# Exercise objective
For the entries that follow, retype exactly the lines from the one containing "Dark Fable - Action Adventure Game" to the one containing "Four teens stand together, all wearing pink", inclusive, and only those. Images stay out of the copy.

# Record set

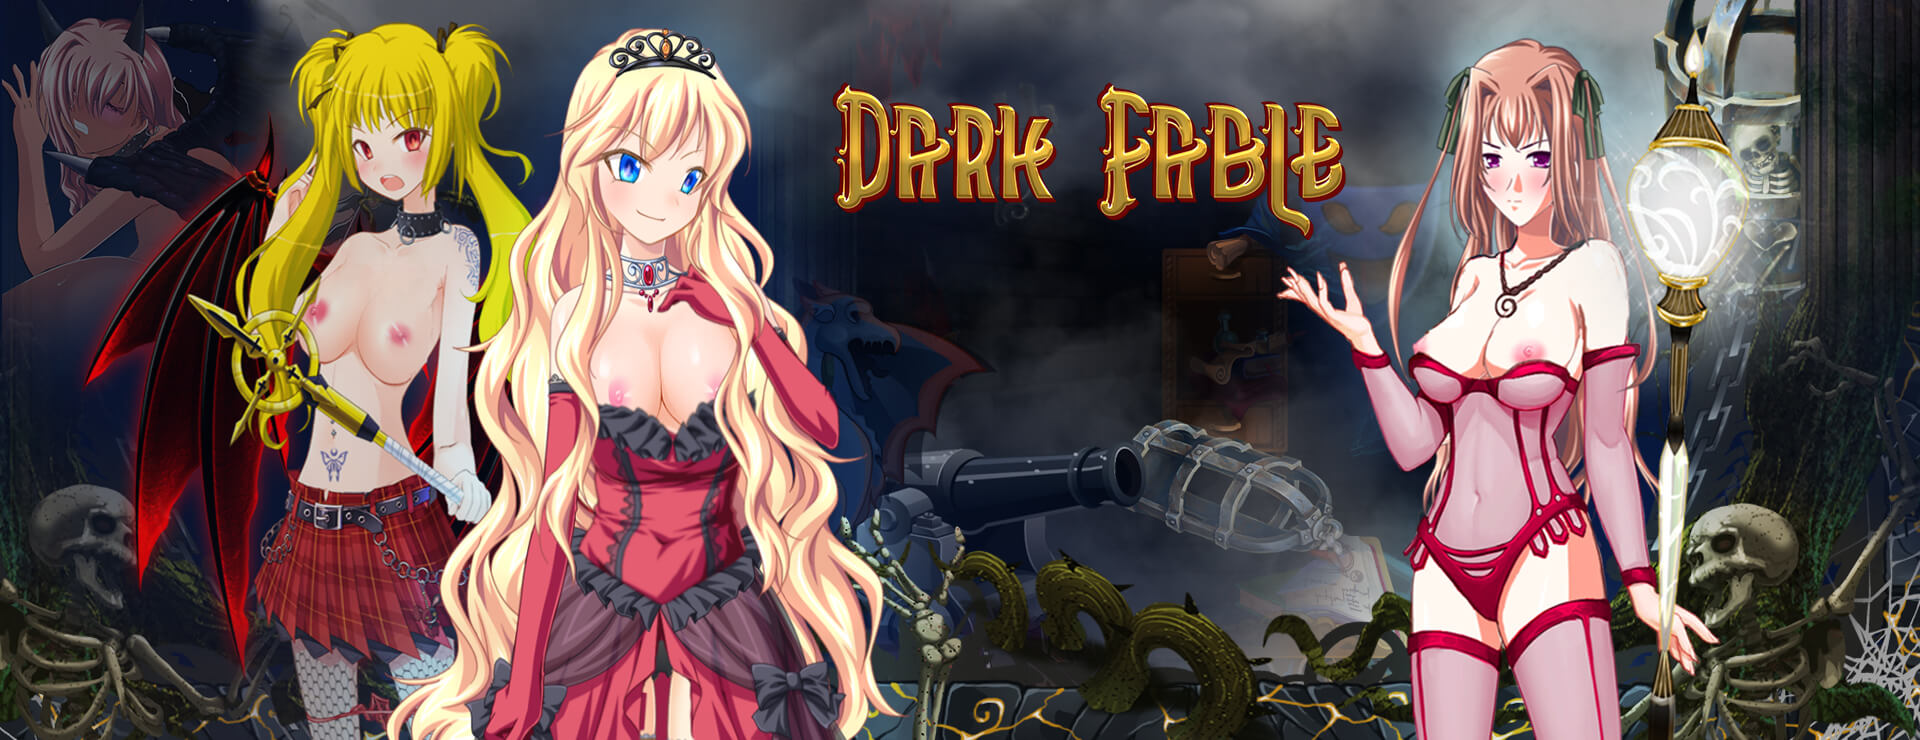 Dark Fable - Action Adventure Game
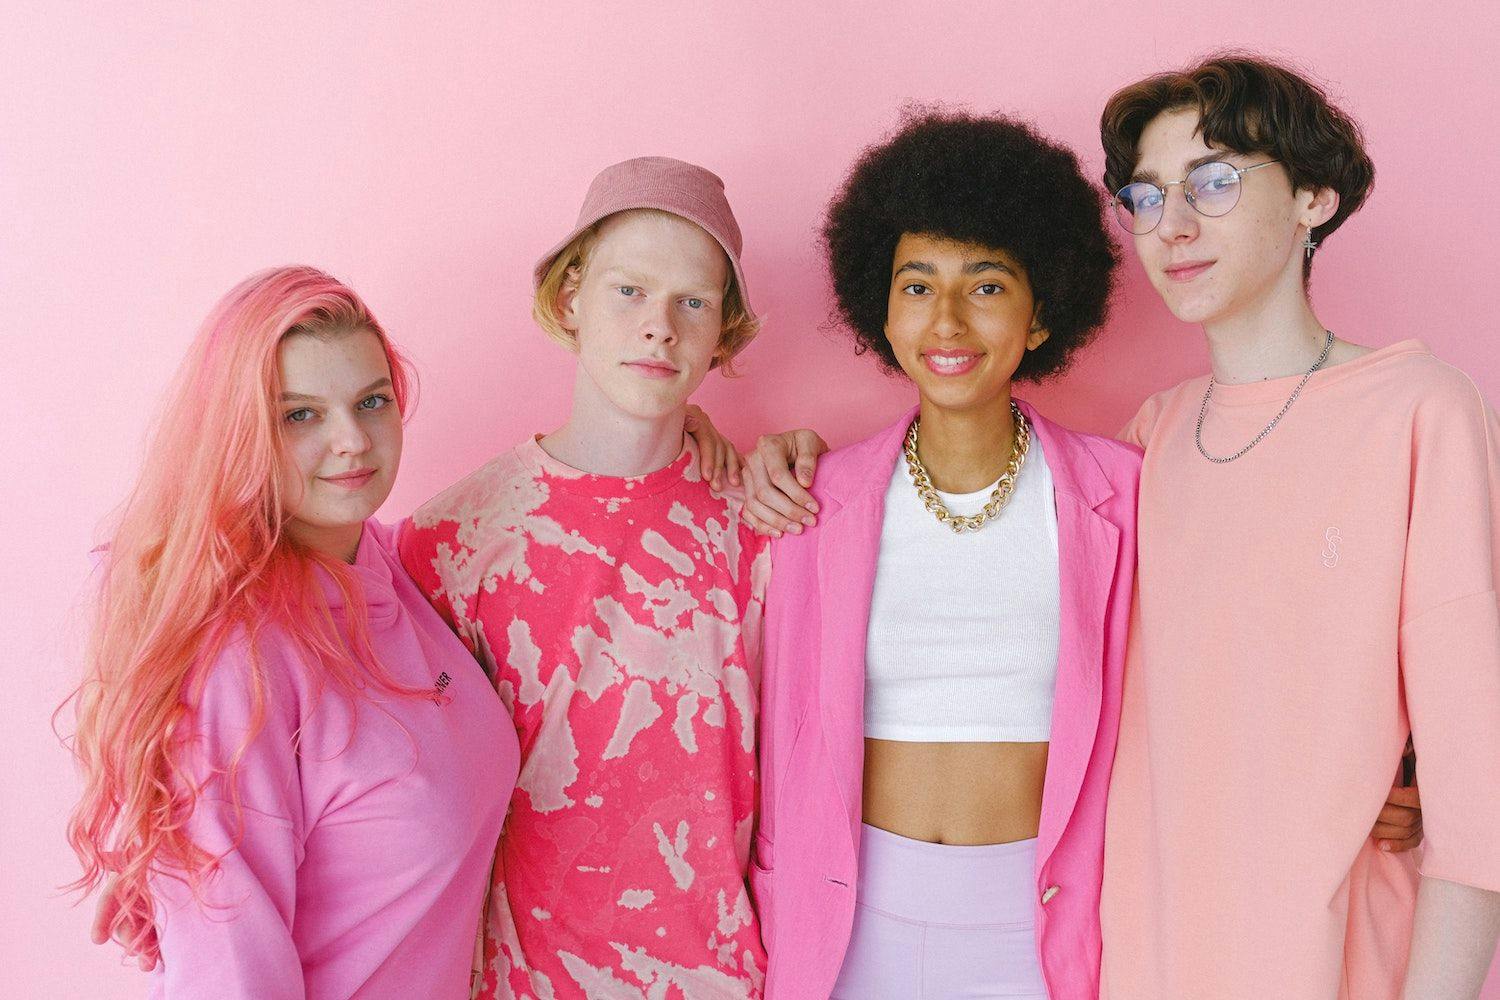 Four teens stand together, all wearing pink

* * *

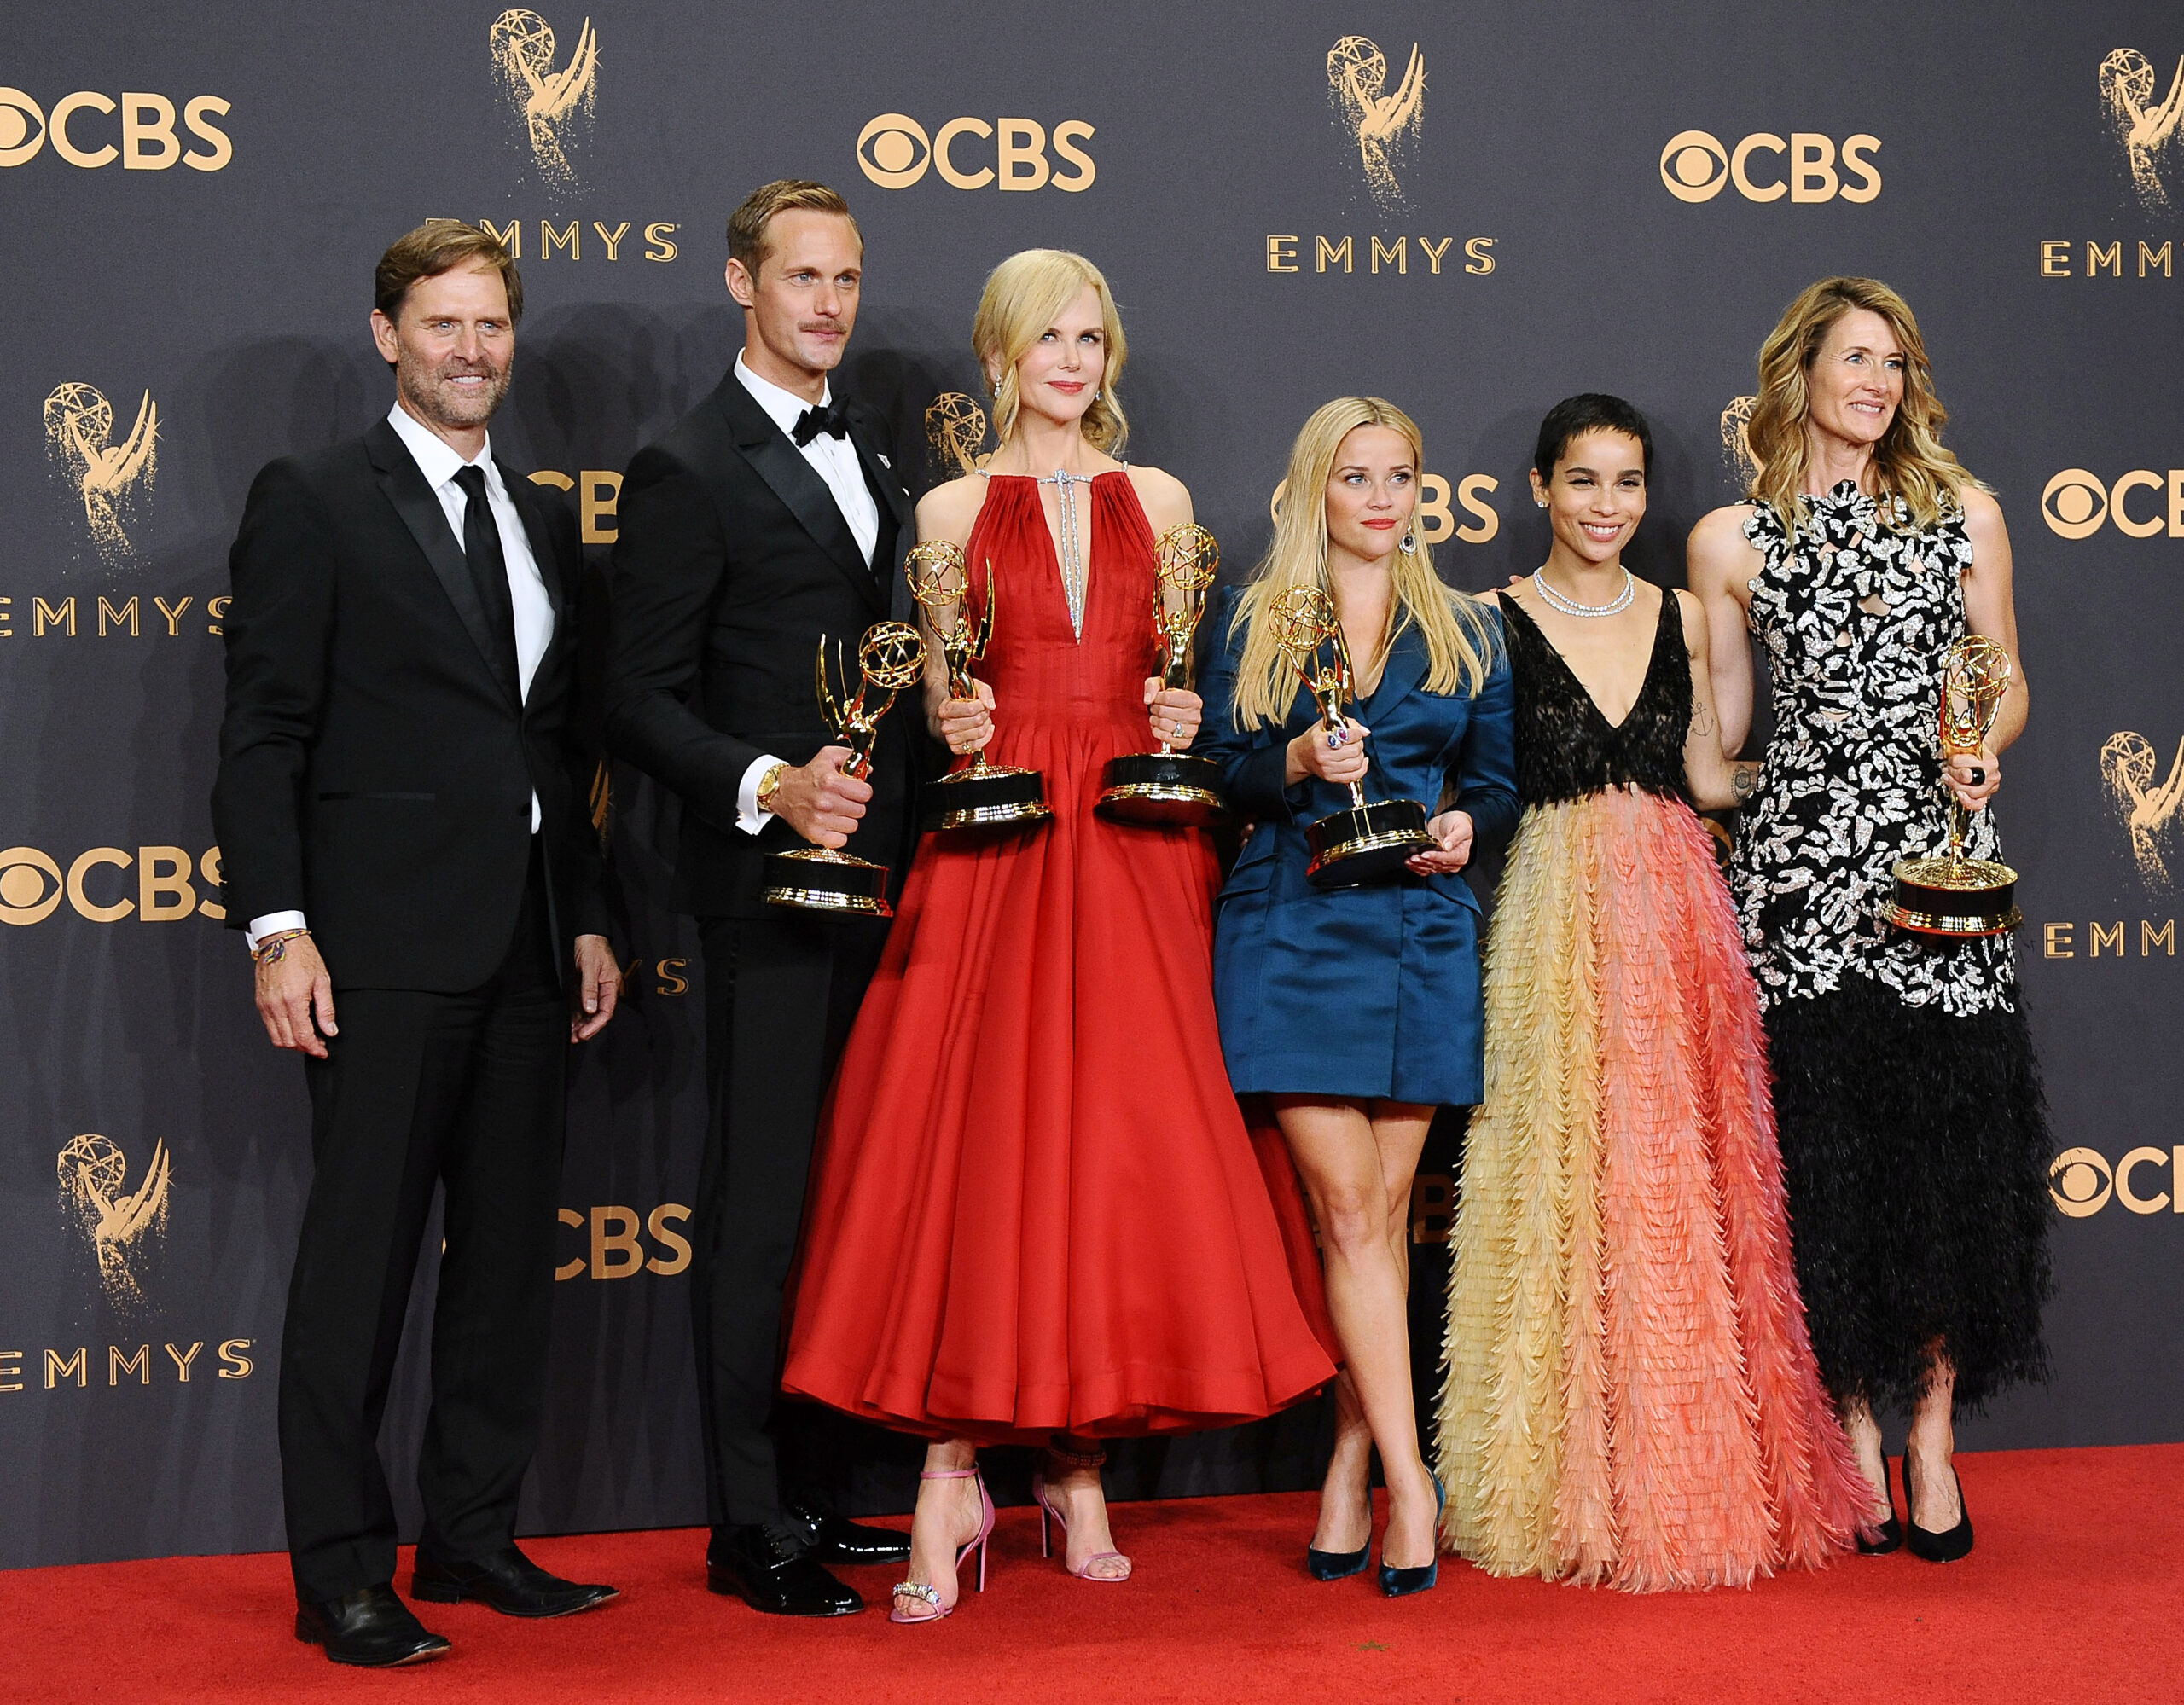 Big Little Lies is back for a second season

# Response box
 Dark Fable - Action Adventure Game
 Four teens stand together, all wearing pink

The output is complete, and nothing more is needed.